Страница 47 из 51
— Послушайте, вот такой еще вопрос, — сказал Скориков, схватив Кохановского за рукав. — Вот вы говорите: при ссылке человека на другую планету обеспечивается полная мимикрия, полная маскировка… Но ведь память у человека остается. При желании он все может рассказать. В таком случае надо бы стирать память…
— Иногда стирают… — вздохнул Кохановский. — Но мой случай особый. Я лишь дал обязательство никому ничего не рассказывать… И вот, — он испуганно оглянулся по сторонам, — нарушаю…
«Все это научная фантастика — то, что ты рассказываешь», — думал я. С тех пор как я познакомился с Кохановским, меня не оставляло чувство, что тот пересказывает мне страницы фантастических сочинений. А что касается рассказа о системе здравоохранения, основанной на датчиках и корректирующих сигналах, я был почти уверен, что где-то об этом читал, едва ли не слово в слово.

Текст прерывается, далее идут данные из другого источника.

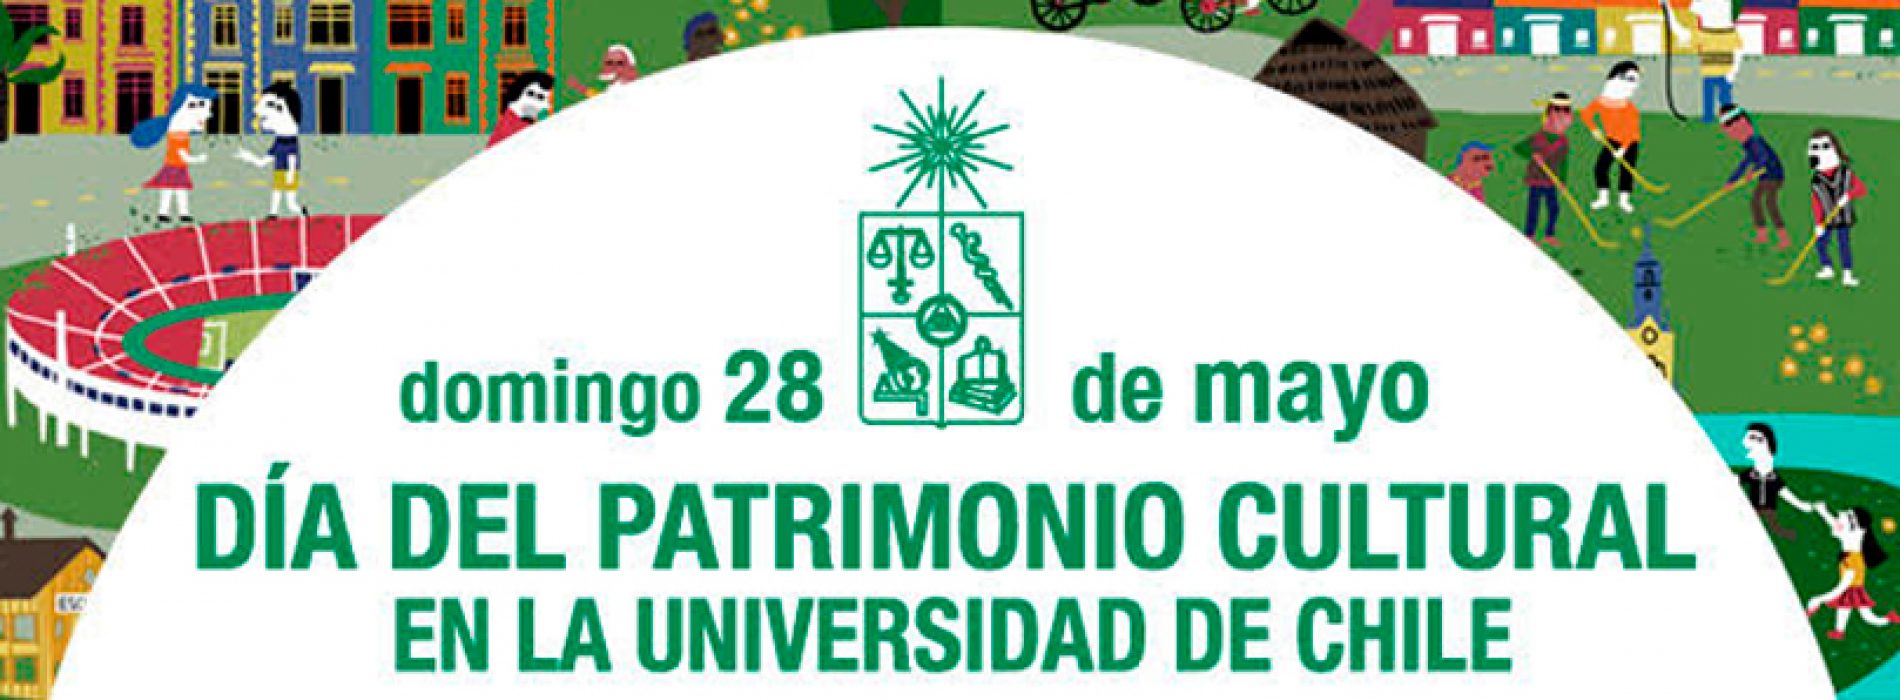 Día del Patrimonio Cultural en la Universidad de Chile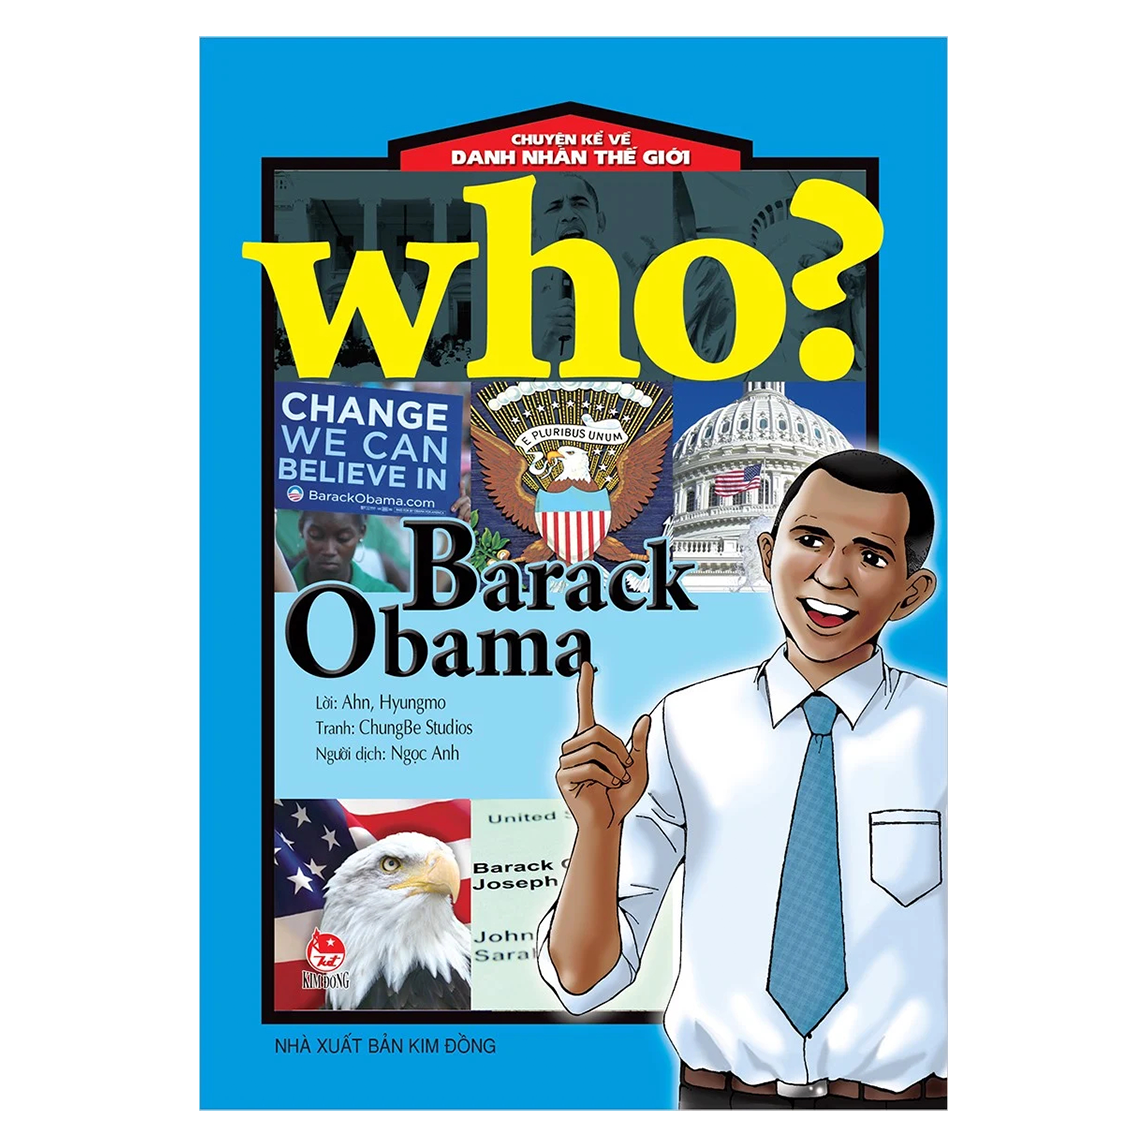 Who? Chuyện Kể Về Danh Nhân Thế Giới: Barack Obama

Дальше пошли вопросы о деталях «тамошней» жизни, задаваемые наперебой и без всякой системы. На Кохановского словно водопад обрушился. Он отвечал обстоятельно, терпеливо разъясняя непонятное. Так учитель разъясняет ученикам урок.
Хотя больше всего вопросов по-прежнему задавал Скориков, Кохановский, отвечая, обращался главным образом к Екатерине Васильевне. Та спрашивала мало, но слушала с нескрываемым интересом. Выкуривала сигарету за сигаретой.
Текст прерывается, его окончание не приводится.